Alternate-row colors has returned to the headlines table for folks using 10.3.9. (I had had to turn it off because of an even weirder bug. Fixed. So row coloring is back.)
Other bug fixes
If you’d set NetNewsWire to launch and hide at login, it now actually will hide.
Increased the max height and width of the main window from 2000 to 10000, since some people have really big monitors.
Removed an errant vertical line at the right of the browser header.
Each feed is now saved to disk after it’s processed. This is a revert—we’re going back to the way 1.x, 2.0, and 2.0.1 did things. (The idea is to make it so a crash can’t cause you to lose recently-downloaded items.) Since the writing to disk happens on a background thread, it wont’t block the UI.
During feed refresh, the authentication sheet now always has focus on the username field. (Previously it would be whatever field had focus the previous time.)
NetNewsWire no longer responds to the space bar if ctrl, option, or cmd key is down.
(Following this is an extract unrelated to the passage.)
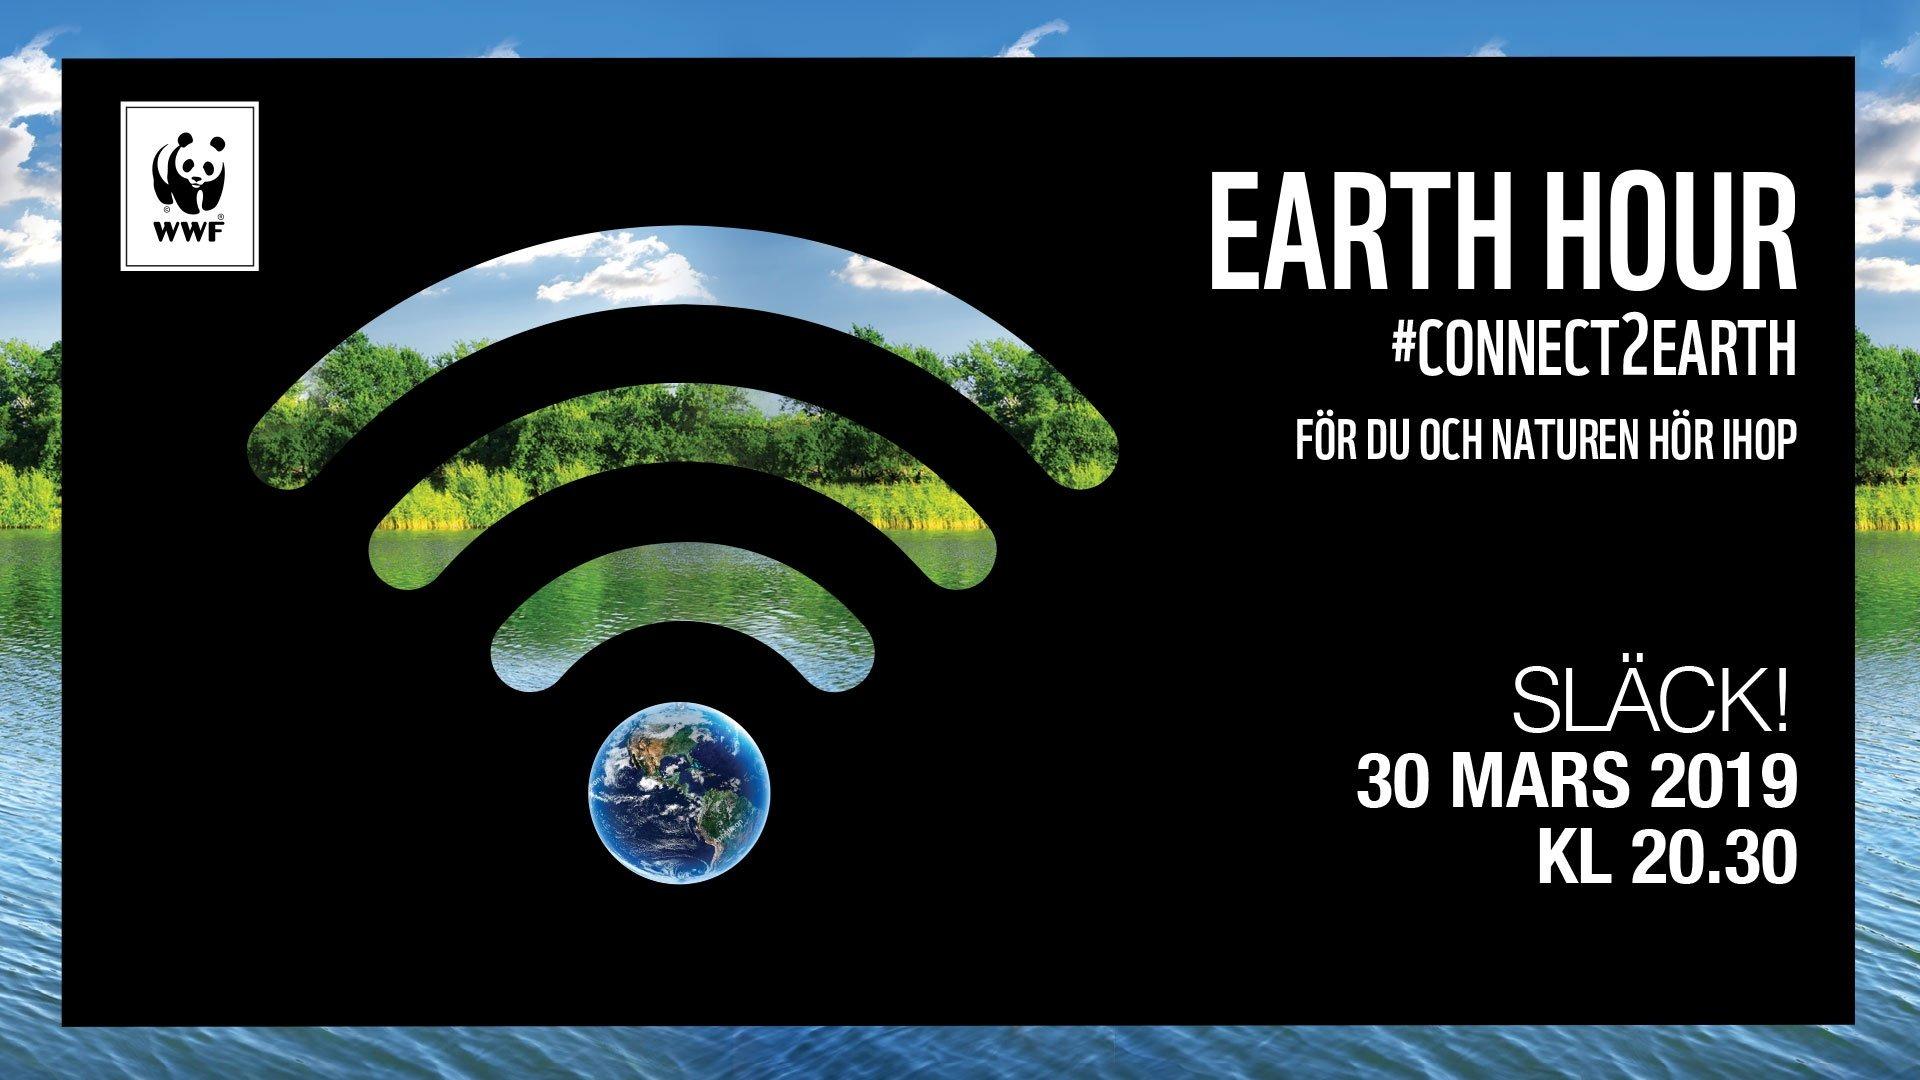 Earth hour 2019 - Bodens kommunutmanar dig

Fixed a threading bug with the favicons downloader controller that could throw an uncaught exception.
Fixed a bug where unreachable URLs of the form http://shazbot/ could make the refresh session stick.
When processing downloaded feeds, now treating links as identifiers only in special cases (as when NewsGator syncing and trying to match an ngitem to an existing item). This will eliminate a bunch of false-positives in the reruns catcher. (However, it will also mean more reruns aren’t caught. Tell people to use unique ids or I will be mad. Mad, I tell you, ma-aa-d.)